The Justice Department must turn over the materials on Monday unless the justices intervene

The Trump administration asked the Supreme Court on Thursday to step into the legal fight over the House Judiciary Committee’s request to see the grand jury materials from former special counsel Robert S. Mueller III’s probe of Russian interference in the 2016 presidential election.

Without an intervention from the justices, the Justice Department would have to turn over the materials on Monday under a court order from the federal appeals court in Washington, the Justice Department wrote in an application to the Supreme Court.

The Judiciary Committee has not opposed an administrative stay of seven days from Monday while the Supreme Court considers the request, the DOJ told the justices. The Justice Department plans later to file an appeal of the decision from the U.S. Court of Appeals for the District of Columbia Circuit.

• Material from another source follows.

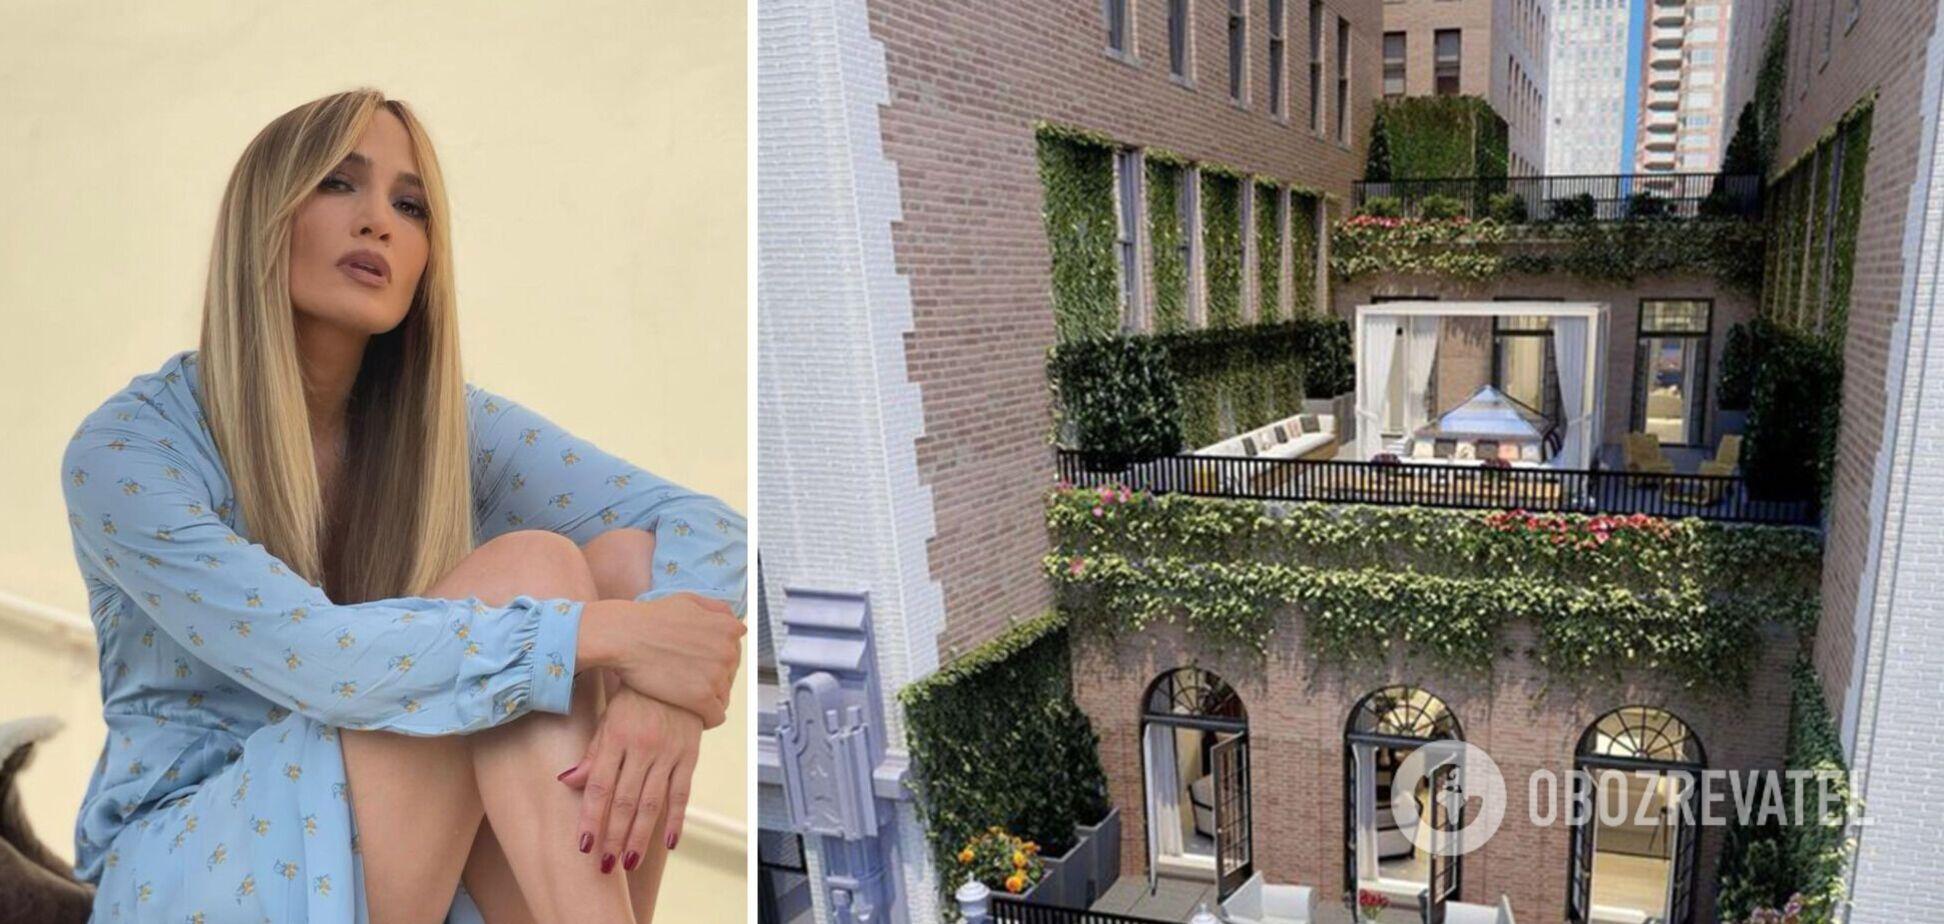 Джей Ло четыре года не может продать пентхаус за $25 млн: как выглядит двухэтажная квартира

The Justice Department wrote that if the Supreme Court does not pause the order while the government appeals the D.C. Circuit ruling, it will “force the government to turn over the grand-jury materials — thereby lifting their secrecy and rendering this dispute largely academic.”

A three-judge panel of the D.C. Circuit found, in a 2-1 ruling on March 10, that the House’s impeachment of President Donald Trump counted as a “judicial proceeding,” which qualifies the committee for an exemption to rules that typically keep grand jury information secret.

And the D.C. Circuit found that the Judiciary Committee showed a need for specific parts of the grand jury materials, in part because of how Mueller’s 22-month investigation also looked at Trump’s potentially criminal obstruction of justice actions to interfere with the investigation.

The Justice Department wrote Thursday that at least four justices, the number needed for the Supreme Court to agree to hear an appeal, are likely to conclude that they should review whether “judicial proceeding” includes a Senate impeachment trial.

And the Justice Department wrote that the lower court interpretation contravenes the ordinary meaning of “judicial proceeding” and “would create serious separation-of-powers concerns” with ordinary application of other provisions to impeachment proceedings.

The Justice Department also pointed out that courts have put conditions on the disclosure of grand jury material to protect it from becoming public — but that might not matter if it has to turn over the information to the Judiciary Committee before the Supreme Court decides whether the D.C. Circuit ruling was correct.

“A federal court is likely powerless, however, to impose such conditions on Members of Congress — much less to enforce them by contempt,” the Justice Department wrote.

The House first requested the grand jury material from the Justice Department more than a year ago.